I caught this guy in the south fork of the New River, at the 441 bridge;










The salinity levels barely read on my hydrometer, but when I mixed water from the bucket with one of my tanks (moving a Spotted Gambusia) It was easy to see that there was definetely salt in the water......

I want to move this guy to my African Cichlid tank, with the water parimiters being as equal to Lake Malawi as possible..... but he needs to get a little bigger though, so I'll keep him in brackish water till then......

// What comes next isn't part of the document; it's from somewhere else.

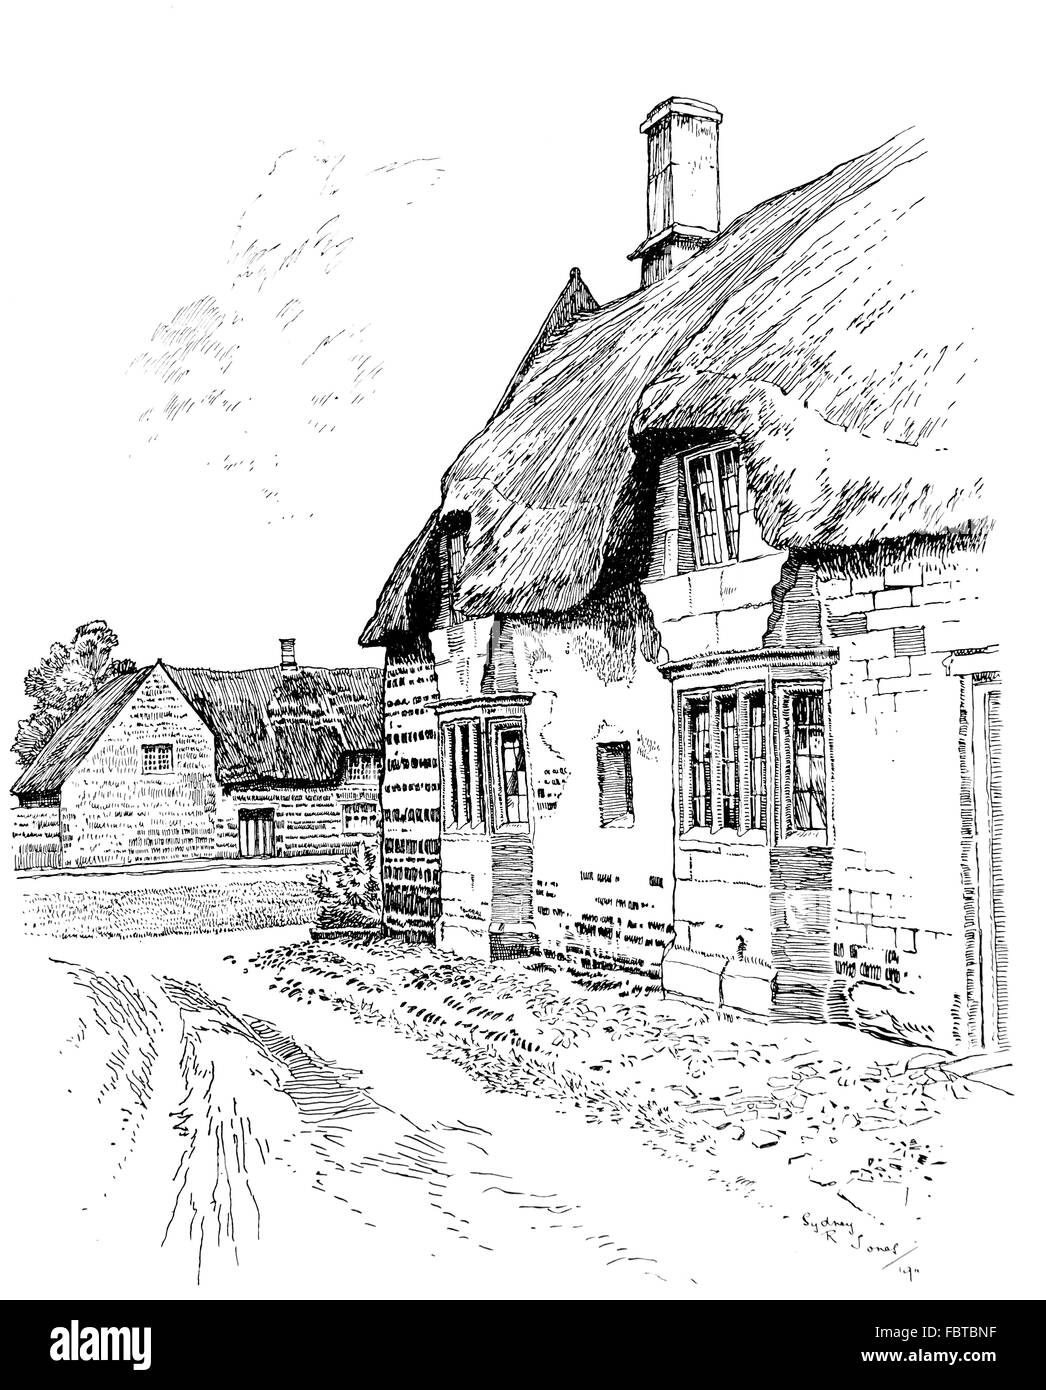 Royaume-uni, Angleterre, Rutland, Caldecott, ancienne chaumière avec fenêtres en baie à côté de la route en passant par village, en 1911, l'illustration de la ligne b Banque D'Images

Can he be adjusted to these water conditions? I'll answer as many questions about him as I can, but I don't know much about flounders.....


----------



## eaglesfan3711 (Nov 16, 2008)

Congrats with the catch!

Just curious, what other fish are in that bucket?


----------



## Fishboydanny1 (Jun 13, 2008)

one is a inland silverside (i think), some gobies, what I call Red-dorsal Mosquitofish (Gambusia Rhyzophorae), Snook (2, one is 3 inches, the other is about 1.5), a couple of sand perch (again, not sure) fiddler crabs, glass shrimp, and prawns..... Might be a couple more, but I'll have pictures tommorrow once their in tanks.


----------